> [BRIEF] The listing must be copied out in full and exactly; no images go with it.

> [EXERCISE DATA]
□ □ □ □ □ □ □
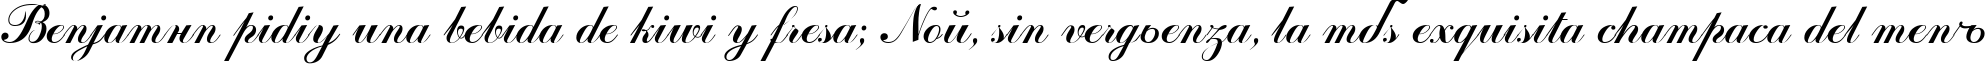 Пример написания шрифтом Odessa Script Cyr текста на испанском
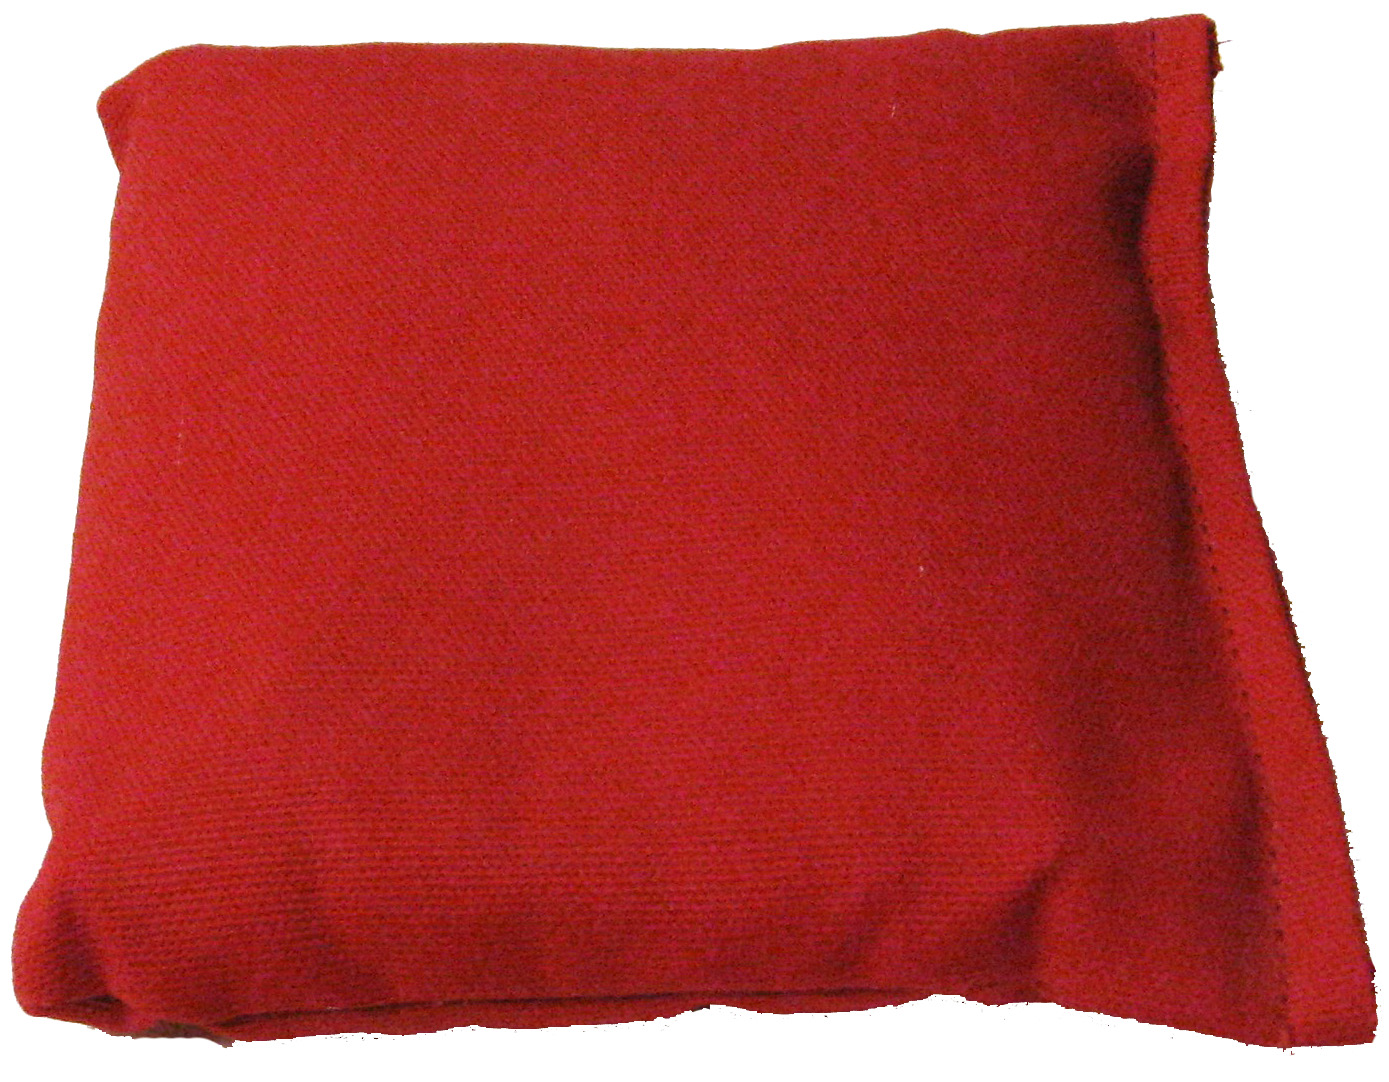 Red Bean Bag
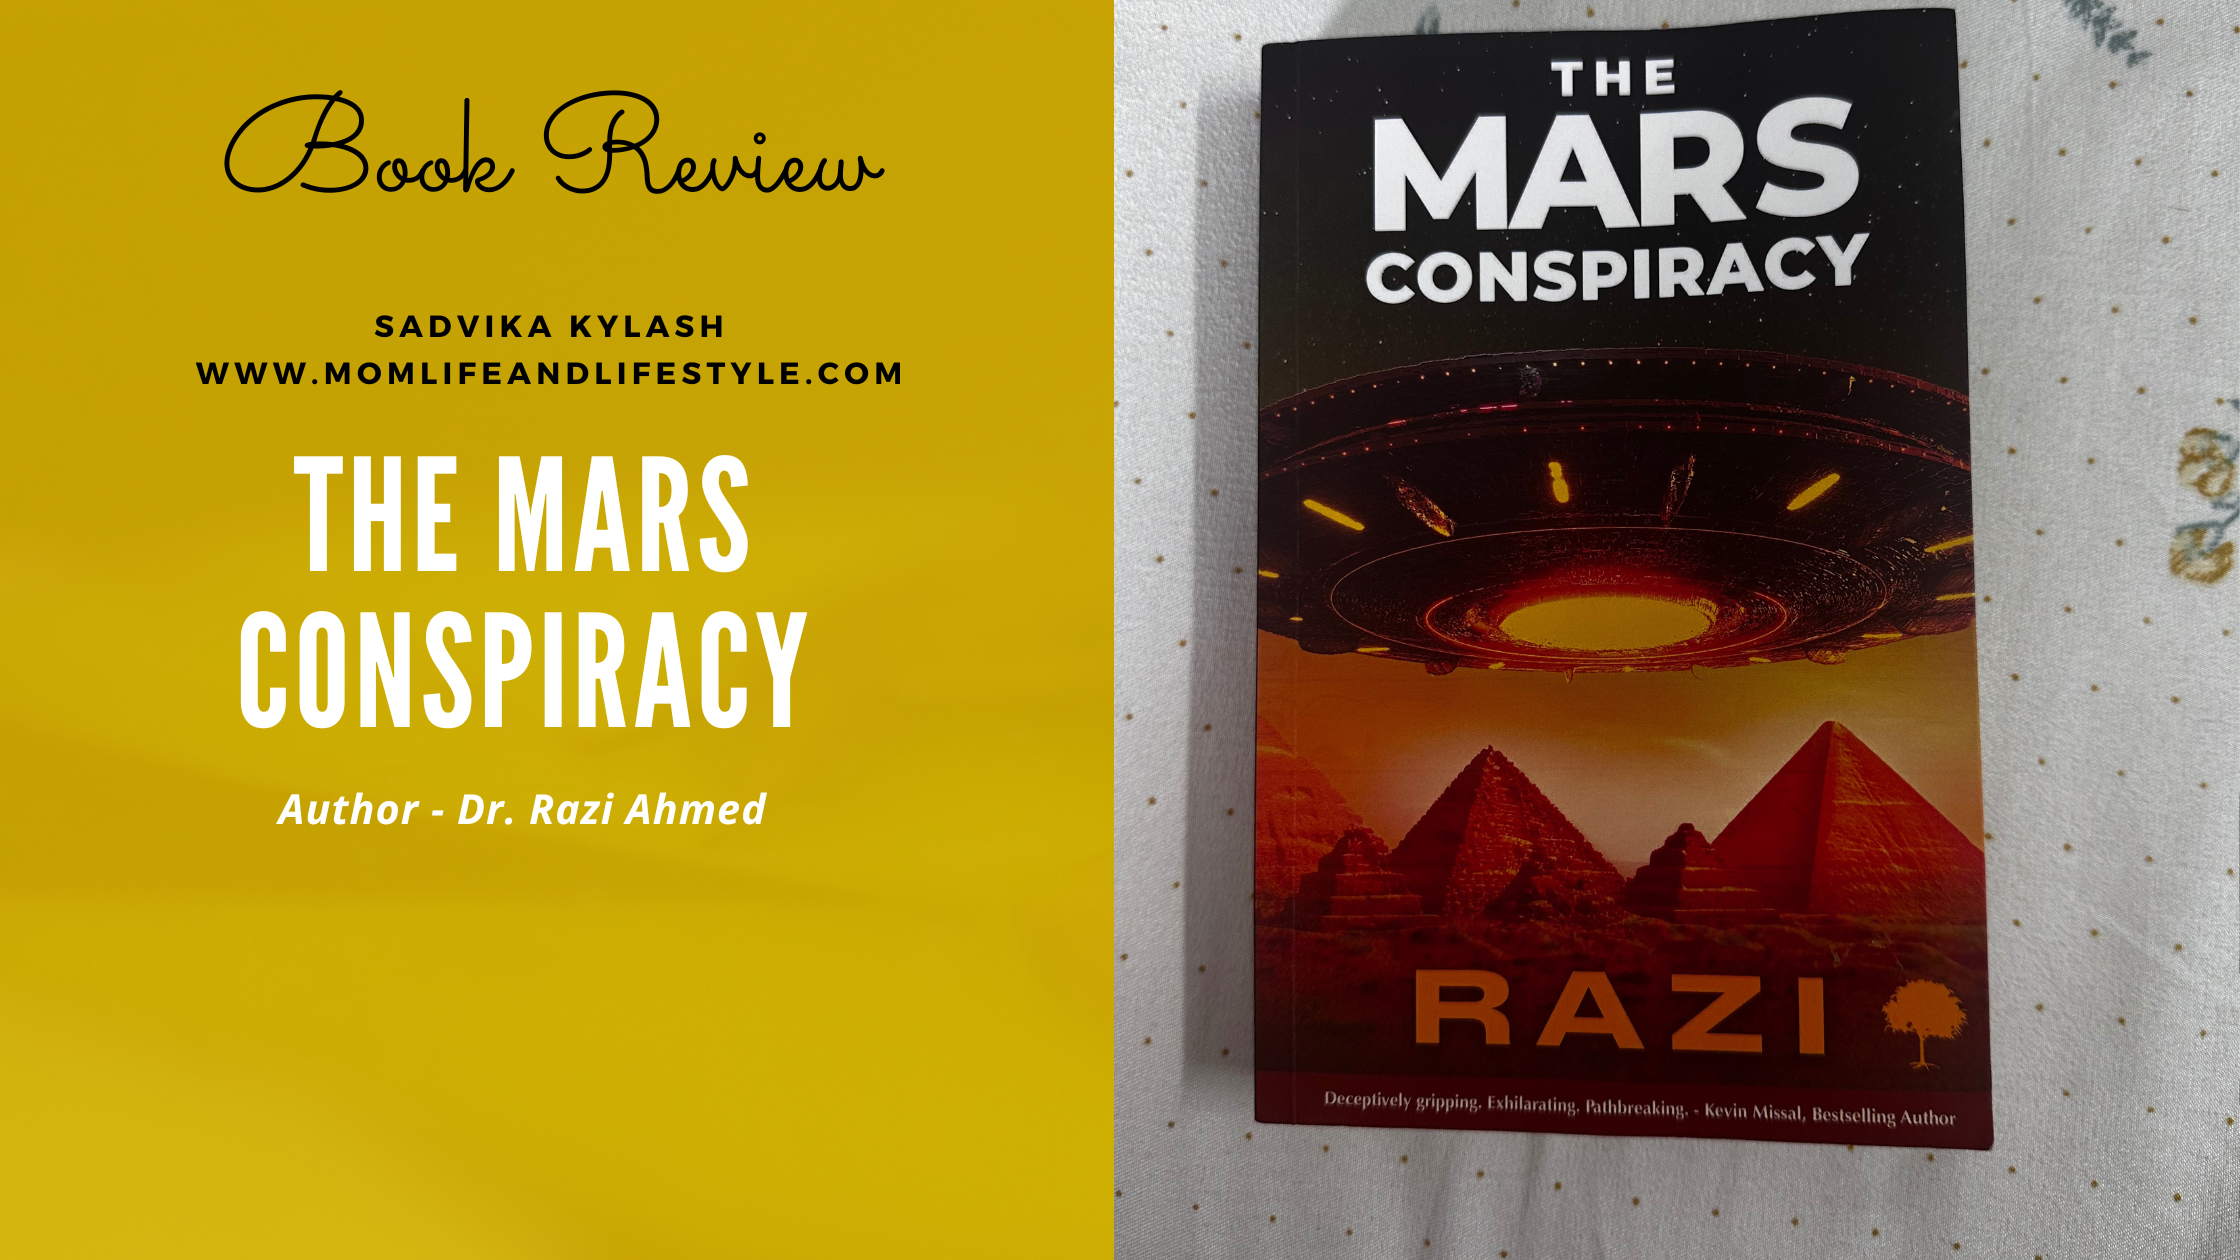 The Mars Conspiracy book review by Sadvika Kylash
□ □ □ □ □ □ □
> [EXERCISE RESULT]
 Пример написания шрифтом Odessa Script Cyr текста на испанском
 Red Bean Bag
 The Mars Conspiracy book review by Sadvika Kylash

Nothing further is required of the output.